Por Rafael Dornellas

Em Jonas que terá vinte e cinco anos no ano 2000, filme de 1976, Alain Tanner utiliza imagens documentais de arquivo interrompendo abruptamente a narrativa enquanto seus personagens – trabalhadores, professores, intelectuais, e jovens desiludidos – discorrem sobre seu papel no mundo, sobre a sociedade em que vivem e também sobre aspectos fugidios de seus cotidianos, prevalecendo uma urgência decalcada da distensão formal, do choque, de um cinema que se constrói sob a ótica da modernidade.

Seus filmes de maturidade ao longo das décadas como Dans la ville blanche (1983) e os mais recentes Requiem (1998) e Fleurs de sang (2002), apesar de não optarem por vias diametralmente opostas daqueles apontados no início de carreira, apresentam em sua construção uma unidade estética, uma via retilínea de mão única pela qual Tanner transita através de suas personagens e seus enredos sem grandes chances de muitos meandros, desvios ou redenção.

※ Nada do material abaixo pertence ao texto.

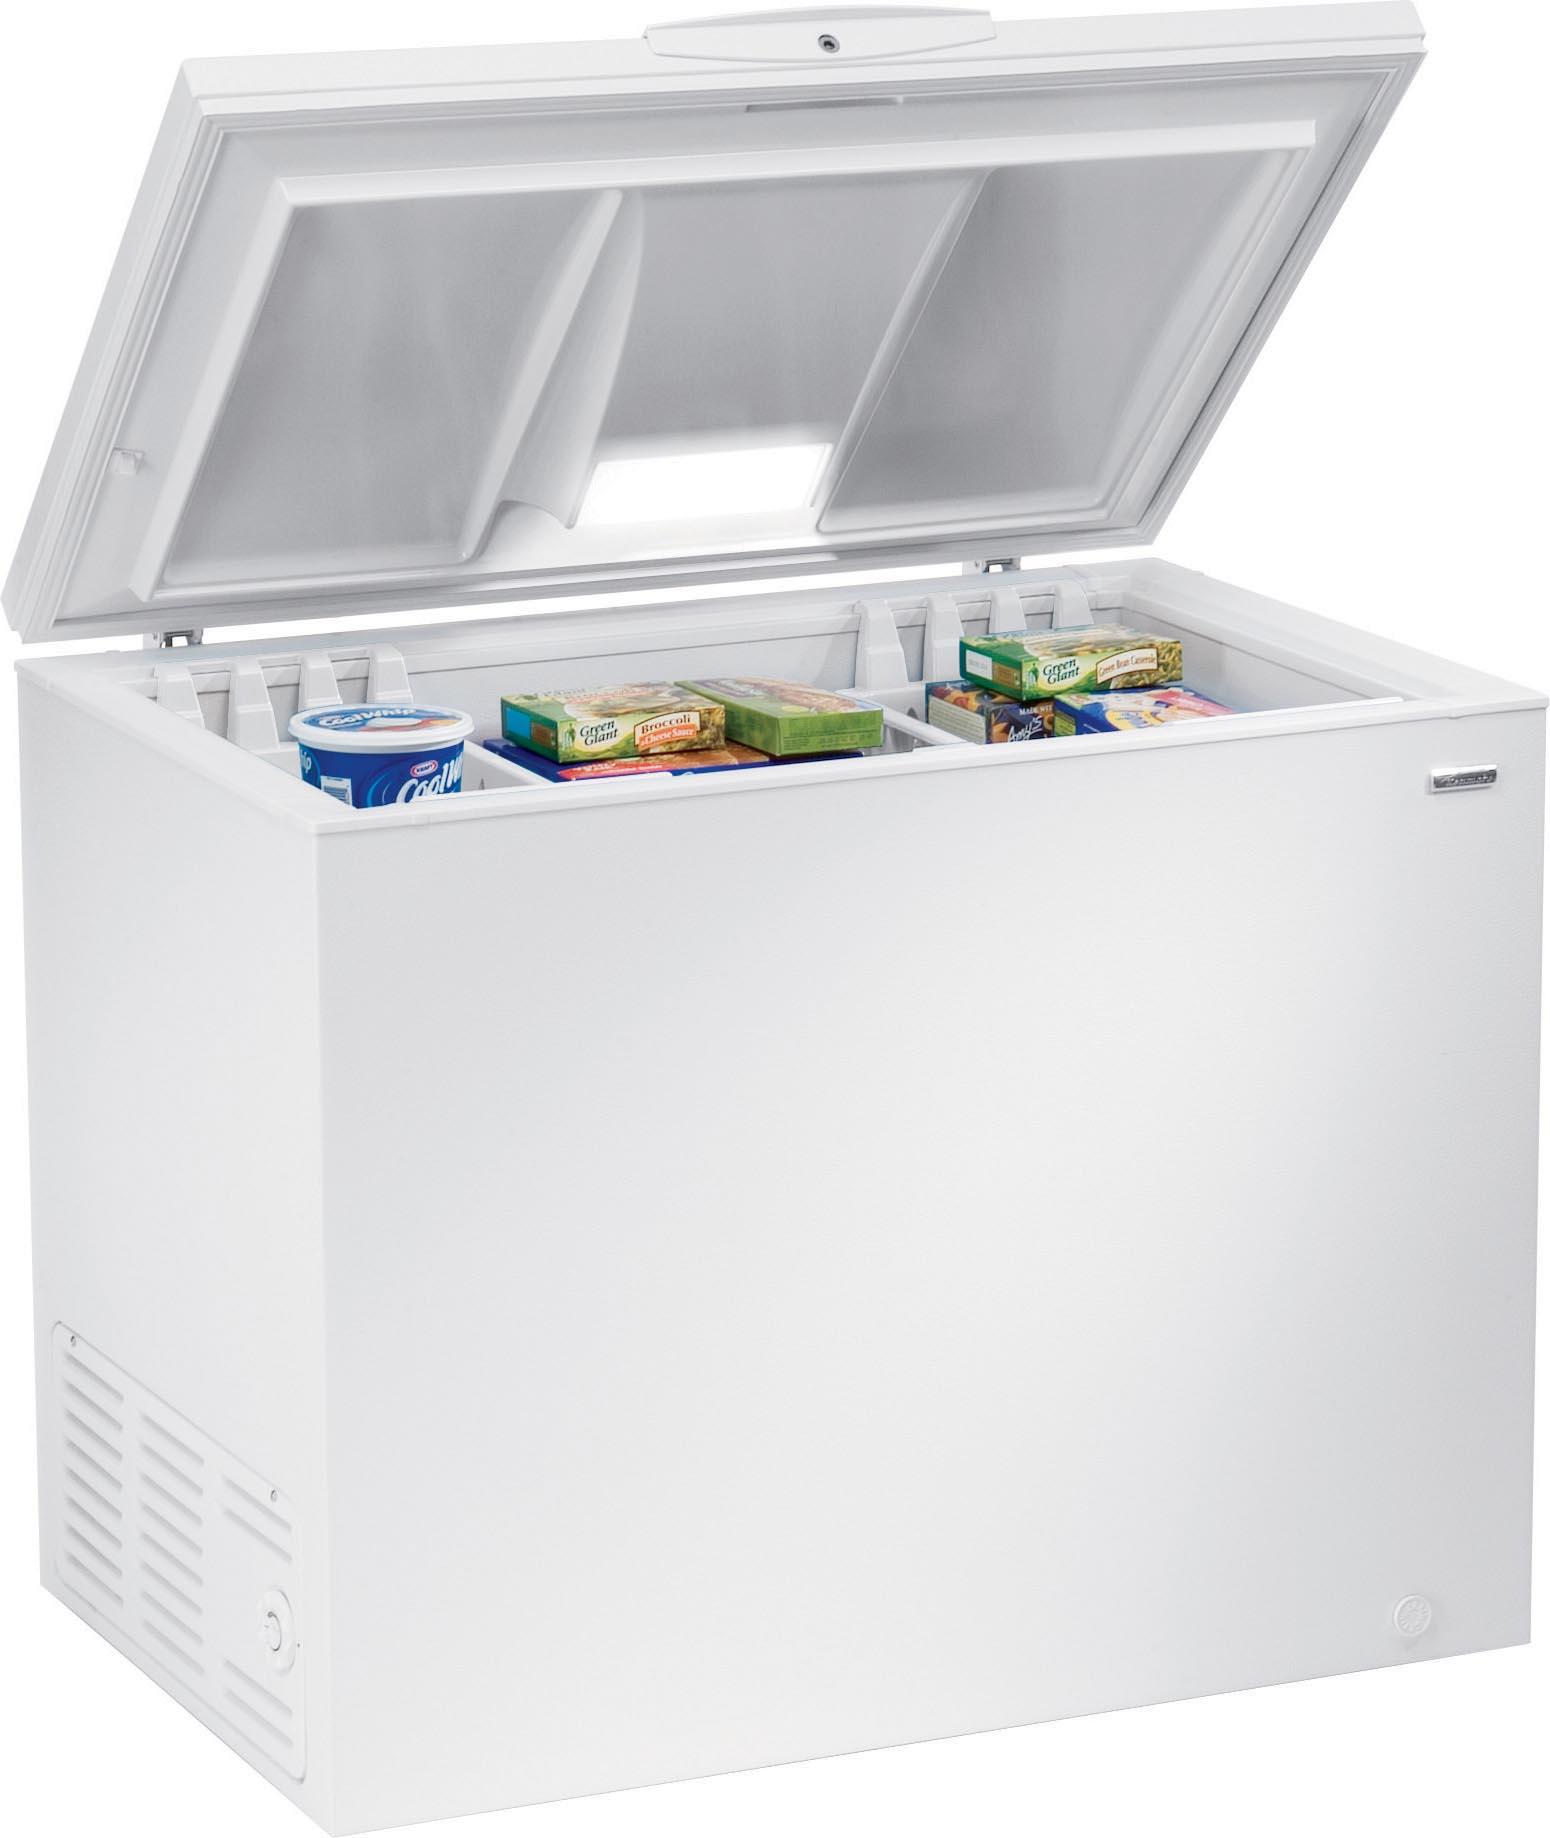 hight resolution of kenmore model 25316342101 chest freezer genuine parts kenmore freezer relays diagram kenmore chest freezer wiring diagram

O interesse em depositarmos um olhar atento sobre esses três momentos de sua carreira, além da clara ponte entre os filmes de 1983 e 1998, reside também em apontar uma progressão formal que Tanner desenvolveu ao longo dos anos e que de certa forma subverteu no filme de 2002.

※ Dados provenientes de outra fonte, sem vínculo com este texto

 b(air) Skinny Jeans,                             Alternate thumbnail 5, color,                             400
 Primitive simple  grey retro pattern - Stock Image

Além da ambientação em Portugal, em Dans la ville blanche e Requiem, parece haver uma busca por um lirismo que, ao esgueirar-se por entre as personagens e as locações presentes nos filmes, transborda os limites do quadro. Tanner trabalha, aqui, sob um rigor cênico, um cuidadoso movimento constantemente realizado por sua câmera em inúmeros travellings que privilegiam a unidade do plano em relação ao corte mas que também personificam um estado de graça e cautela, em que os diálogos e ações das personagens são circundados, observados cuidadosamente, estudados por todos os ângulos possíveis pela câmera, e ditam a encenação sobretudo – o movimento incessante da mise en scène de Tanner é regido pelas intensidades dramáticas da cena: uma mudança de tom, uma sutil movimentação dos corpos, uma fala, um aumento na intensidade interna das personagens, uma reorganização das ações que subsequentemente irá desembocar na reorganização do quadro, na aproximação ou afastamento da câmera.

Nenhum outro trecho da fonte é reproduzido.